For the current topic list, see below. Furthermore, find here a summary of guidelines for working on your thesis with us.
Important Dates
05.04.2023: Info session at 11:30
26.04.2023: Expression of interest
28.04.2023: Topic assignment
26.05.2023: Research proposal submission
01.06.2023: Official start (if proposal sufficient)
Formatting
Please consider the following hints and guidelines for working on your thesis:
- The thesis has to be written using the \documentclass[preprint,review,12pt]{elsarticle} Latex template. You can use the overleaf template for writing your thesis.
- Page limits are as follows
- page limit is for Bachelor Informatik 40 pages and for Kombibachelor Lehramt Informatik 30 pages
- page limit is for Master Informatik 80 pages and for Master Information Systems 60 pages
- The limits do not include cover, table of content, references, and appendices.
Prerequisites
The candidate is expected to be familiar with the general rules of writing a scientific paper. Some general references are helpful for framing any thesis, no matter which topic:
- Wil van der Aalst: How to Write Beautiful Process and Data Science Papers? Archive Report (2022).
-
Jan Recker: Scientific Research in Information Systems: A Beginner's Guide . Springer, Heidelberg, Germany (2021).
-
Jan Mendling, Benoit Depaire, Henrik Leopold: Theory and Practice of Algorithm Engineering . Archive Report (2021).
-
Claes Wohlin, Pär Runeson, Martin Höst, Magnus Ohlsson, Björn Regnell, Anders Wesslén Experimentation in software engineering . Springer Science & Business Media (2012).
-
Ken Peffers, Tuure Tuunanen, Marcus A. Rothenberger, Samir Chatterjee: A Design Science Research Methodology for Information Systems Research . J of Management Information Systems 24(3): 45-77 (2008).
-
Barbara Kitchenham, Rialette Pretorius, David Budgen, Pearl Brereton, Mark Turner, Mahmood Niazi, Stephen G. Linkman: Systematic literature reviews in software engineering - A tertiary study . Information & Software Technology 52(8): 792-805 (2010).
-
Lagendijk, Ad. Survival Guide for Scientists: Writing, Presentation, Email . Amsterdam University Press (2008).
-
Adam LeBrocq: Journal of the Association for Information Systems Style Guide. http://aisel.aisnet.org/jais/JAIS_Style_Guide_2013.pdf
In agreement with the supervisor an individual list of expected readings should be studied by the student in preparation of the actual work on the thesis.
Grading
The grading of the thesis takes various criteria into account, relating both to the thesis as a product and the process of establishing its content. These include, but are not limited to:
-
Correctness of spelling and grammar
-
Aesthetic appeal of documents and figures
-
Compliance with formal rules
-
Appropriateness of thesis structure
-
Coverage of relevant literature
-
Appropriateness of research question and method
-
Diligence of own research work
-
Significance of research results
-
Punctuality of work progress
-
Proactiveness of handling research progress
Recent Topics
If you are interested in one of the following topics, please send an email expressing your interest to Dr. Saimir Bala (firstname[dot]lastname[at]hu-berlin.de). Please explain why this topic is interesting for you and how it fits your prior studies. Also explain what are your strengths in your studies and in which semester of your studies you are.

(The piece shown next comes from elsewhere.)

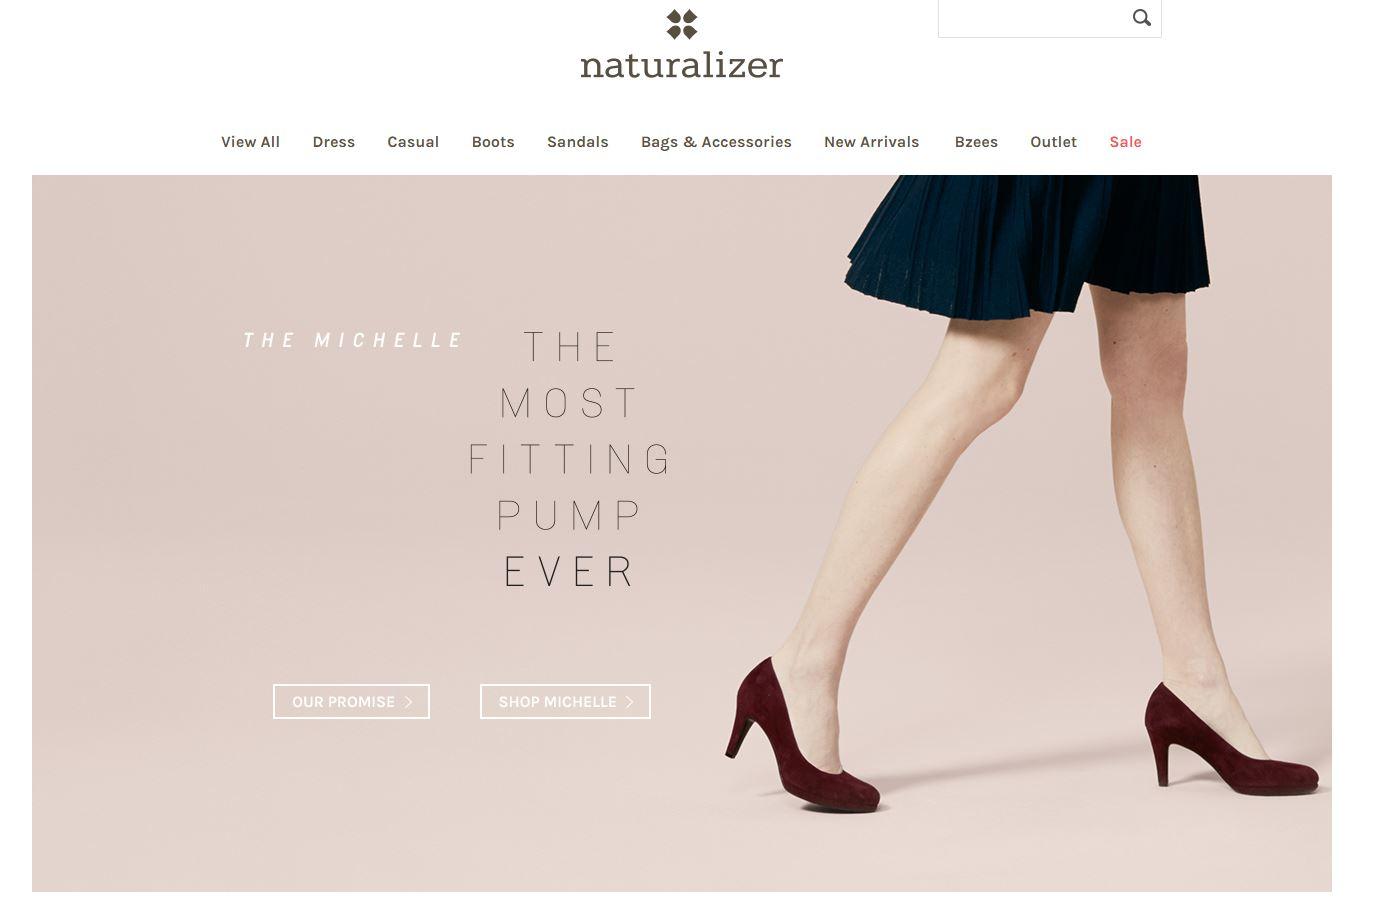 ab9f56cd3 Naturalizer.com Reviews

The next deadline is 26 April 2023.
Topic 1: Federated Learning for Process Monitoring (Bachelor/Master)
Federated Learning enables the learning of machine learning models over distributed datasets, which can then be used for predictive or prescriptive analytics. One promising domain where such models can be applied is process monitoring, where the goal is to predict the remaining time of a business process or potential unwanted outcomes.

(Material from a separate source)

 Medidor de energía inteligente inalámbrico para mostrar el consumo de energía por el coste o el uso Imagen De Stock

This thesis project seeks to explore how federated learning techniques can be utilized in the context of predictive process monitoring. The project can be adapted to either a bachelor's or master's thesis project, and the student can expect close supervision and the possibility of publishing their results if they meet a certain quality threshold. However, it's important to note that a high level of technical expertise and dedication will be required to carry out this project successfully.
Initial References:
- Di Francescomarino, C., & Ghidini, C. (2022). Predictive process monitoring. Process Mining Handbook. LNBIP, 448, 320-346.

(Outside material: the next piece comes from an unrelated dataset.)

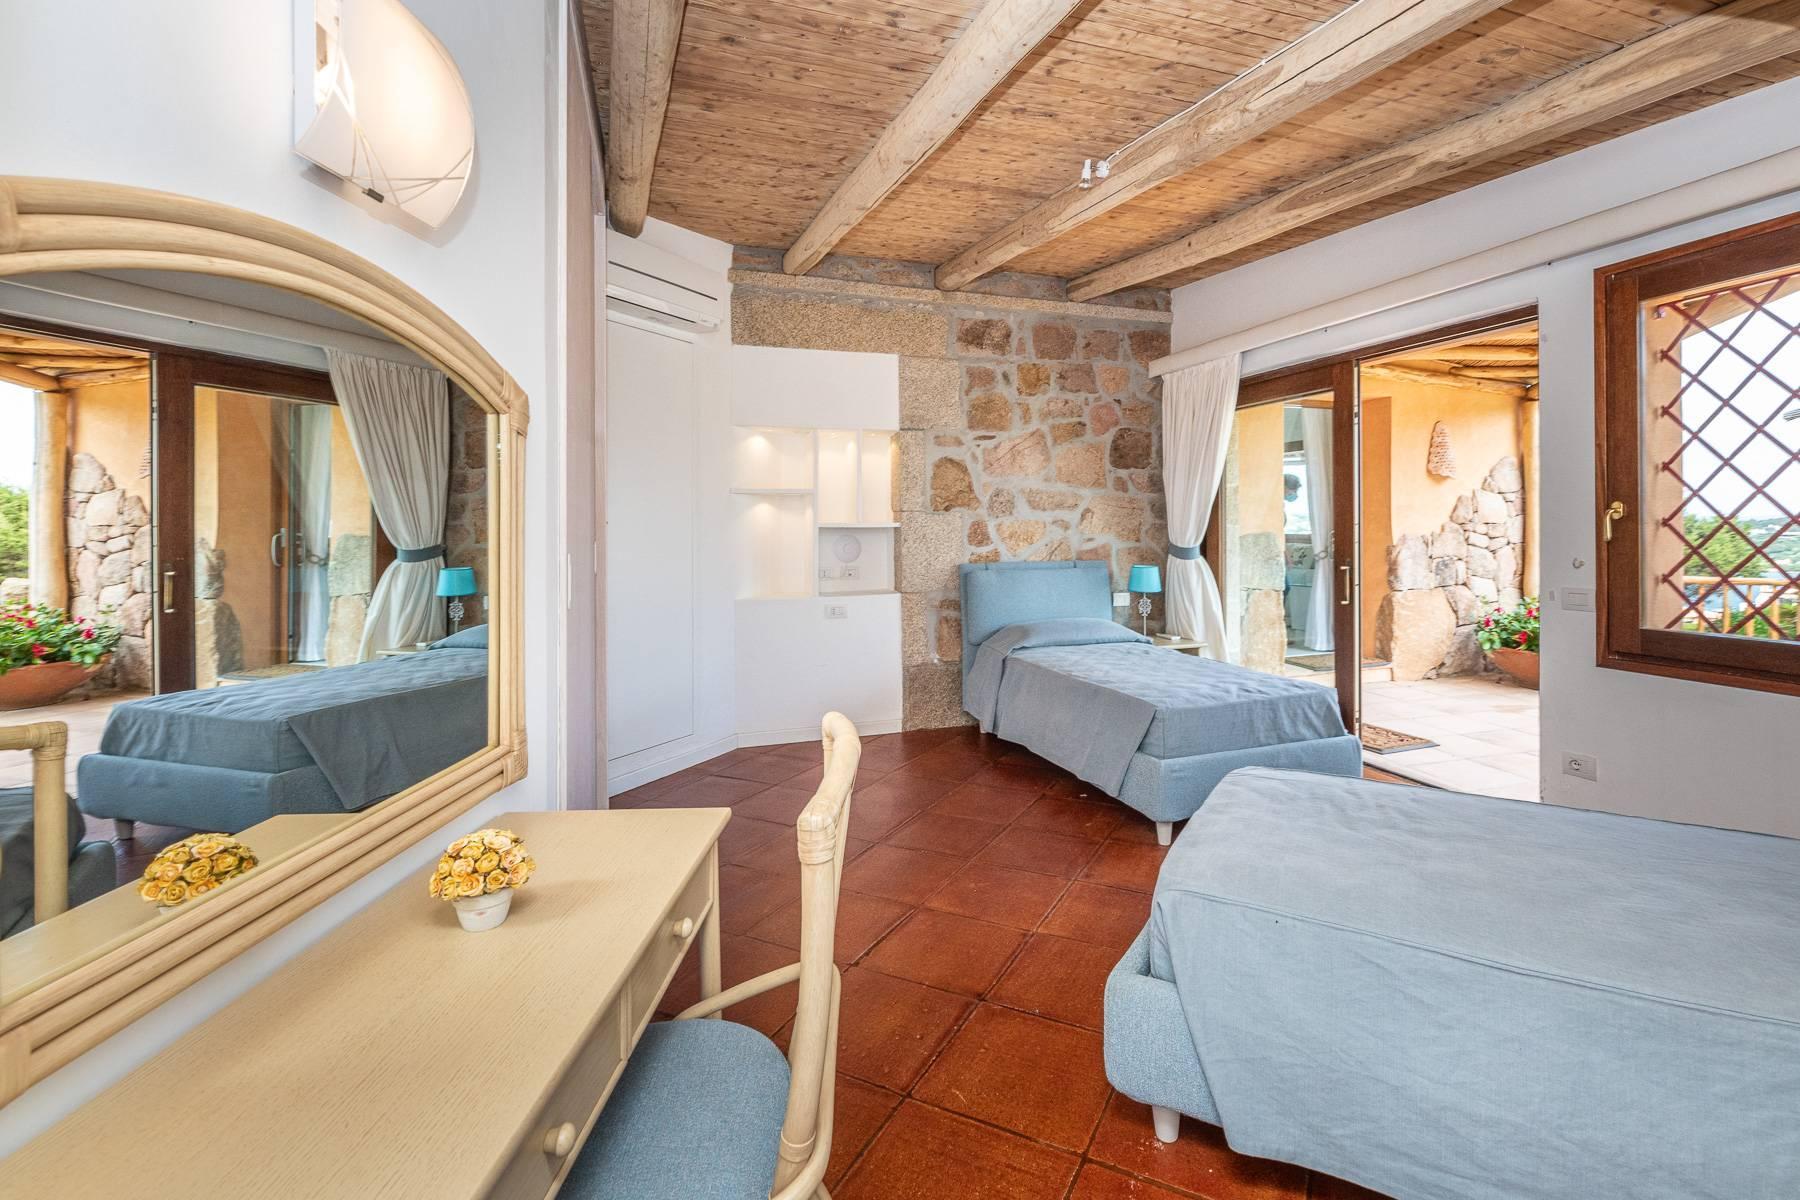 Importante villa indipendente con un impareggiabile panorama, nel cuore di Porto Cervo. - 19

- Li, T., Sahu, A. K., Talwalkar, A., & Smith, V. (2020). Federated learning: Challenges, methods, and future directions. IEEE signal processing magazine, 37(3), 50-60.
Supervisor: Stephan Fahrenkrog-Petersen
Topic 2: Building Event Logs based on Semi-structured Data from the German Parliament (Bachelor/Master)
The aim of this project is to build event logs using publicly available semi-structured data from the German Bundestag. The objective is to extract the event data and gain insight into the challenges and difficulties associated with this task. The data describes political decision-making processes within the German Bundestag, and it is hoped that the thesis will also explore how process mining techniques can be applied in such a setting.
This project is suitable for either a bachelor's or master's thesis. The student can expect close supervision and the opportunity to publish their results if they meet a certain quality threshold. However, it's important to note that this project will require a high level of dedication and a good command of German since the data is in German. Additionally, knowledge of natural language processing (NLP) will be highly beneficial for this project.
Initial References:
- Remy, S., Pufahl, L., Sachs, J. P., Böttinger, E., & Weske, M. (2020). Event log generation in a health system: a case study. In Business Process Management: 18th International Conference, BPM 2020, Seville, Spain, September 13–18, 2020, Proceedings 18 (pp. 505-522). Springer International Publishing.
- Kecht, C., Egger, A., Kratsch, W., & Röglinger, M. (2021, October). Event Log Construction from Customer Service Conversations Using Natural Language Inference. In 2021 3rd International Conference on Process Mining (ICPM) (pp. 144-151). IEEE.
Supervisor: Stephan Fahrenkrog-Petersen
Chatbots and artificial intelligence (AI) technologies have been widely adopted in various industries to improve business processes and support analysis. Among these AI technologies, ChatGPT, a large language model trained by OpenAI, has gained attention due to its ability to generate human-like responses with great precision and dept. The aim of this thesis is to investigate ChatGPTs ability to support decision-making when deriving use cases from process mining outcomes. Specifically, the research will examine the potential benefits of ChatGPT in improving efficiency and accuracy. To achieve these objectives, the student should apply the design-science approach that creates an artifact in the form of optimized prompts as a means for analysts. The artifact needs to be evaluated in multiple iterations by process experts in order to measure problem-fit.
Initial References:
- White, J., Fu, Q., Hays, S., Sandborn, M., Olea, C., Gilbert, H., Elnashar, A., Spencer-Smith, J. and Schmidt, D.C., 2023. A prompt pattern catalog to enhance prompt engineering with chatgpt. arXiv preprint arXiv:2302.11382.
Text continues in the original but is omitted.